Paul McKinnon

Personal information
- Full name: Paul John McKinnon
- Date of birth: 1 August 1958 (age 67)
- Place of birth: Frimley, England
- Height: 6 ft 2 in (1.88 m)
- Position: Striker

Senior career*
- Years: Team / Apps / (Gls)
- 1974–1977: Woking
- 1977–1980: Sutton United
- 1980: Malmö FF
- 1980–1981: Sutton United
- 1981: Malmö FF
- 1982–1983: Sutton United
- 1983: Trelleborgs FF
- 1983–1986: Sutton United
- 1986: Tegs SK
- 1986: Sutton United
- 1986–1987: Blackburn Rovers / 5 / (0)
- 1987: Örebro SK
- 1987–1988: Sutton United
- 1988: Örebro SK
- 1988–1991: Sutton United
- 1991–1993: Slough Town / 75 / (28)
- Sutton United

= Paul McKinnon =

English footballer

Paul John McKinnon (born 1 August 1958) is an English former professional footballer who played as a striker.

==Career==
Born in Frimley, Surrey, McKinnon started his career in non-league football with Woking before joining Sutton United in 1977. He later moved to Sweden where he represented Malmö FF in the Cup Winners' Cup and the UEFA Cup.

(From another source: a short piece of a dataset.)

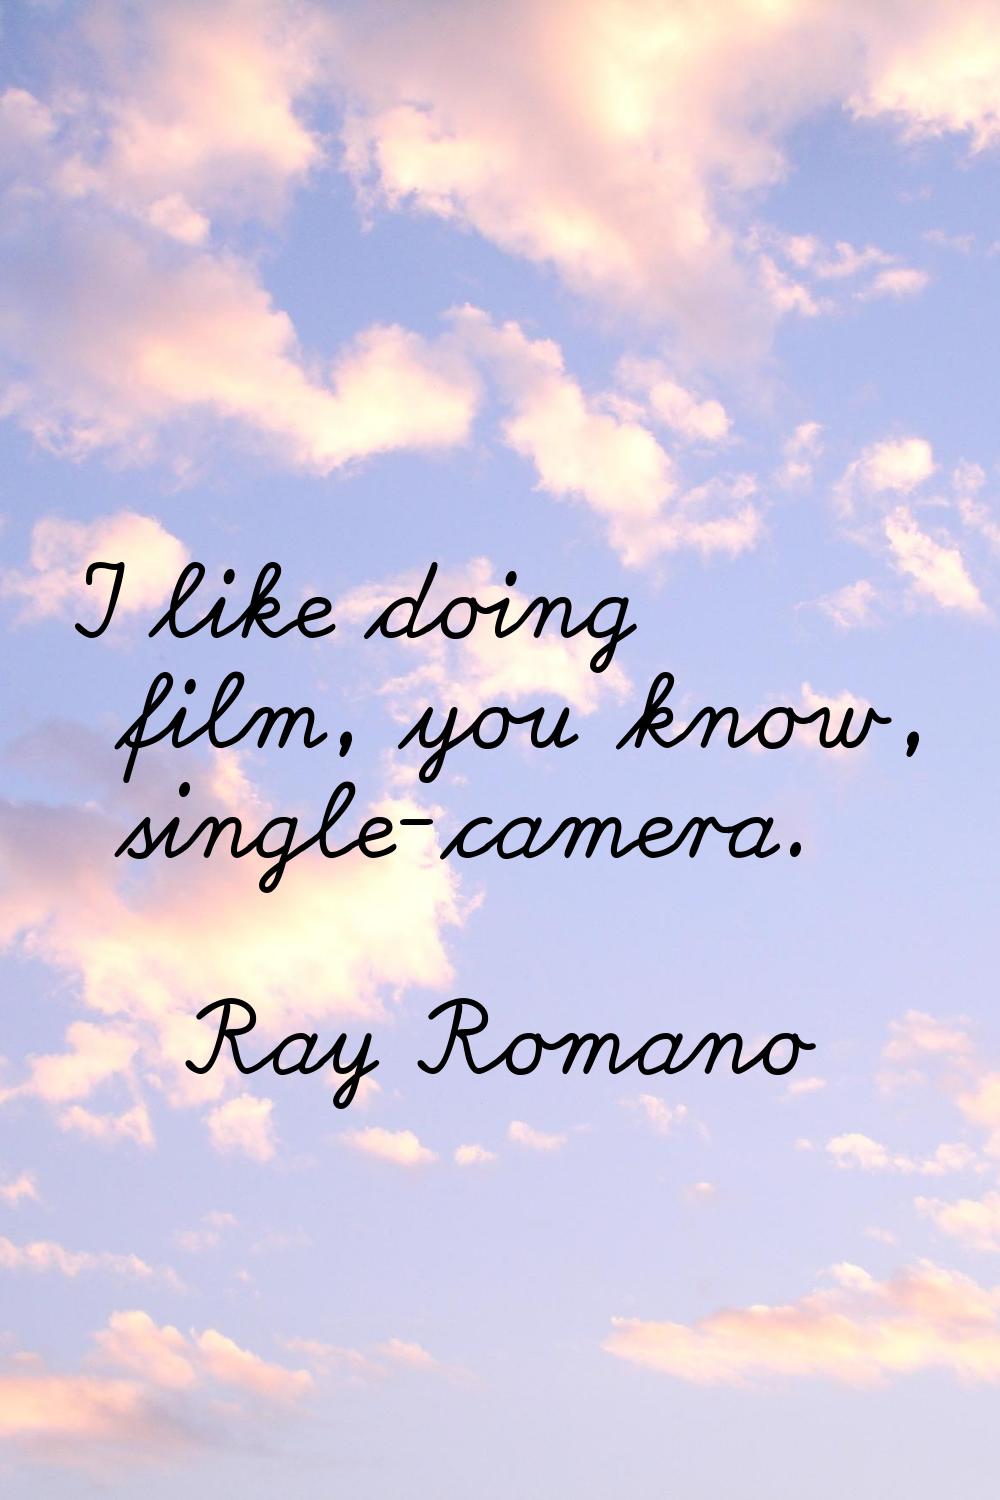 I like doing film, you know, single-camera.

McKinnon played briefly in the Football League for Blackburn Rovers, making five appearances during the 1986–87 season before returning to Sutton United. In 1991, he signed for Slough Town, scoring 36 goals in 98 appearances during his two seasons at the club. He then returned to Sutton for an eighth spell at the club. He is Sutton United's record goalscorer with 279 goals in 525 games.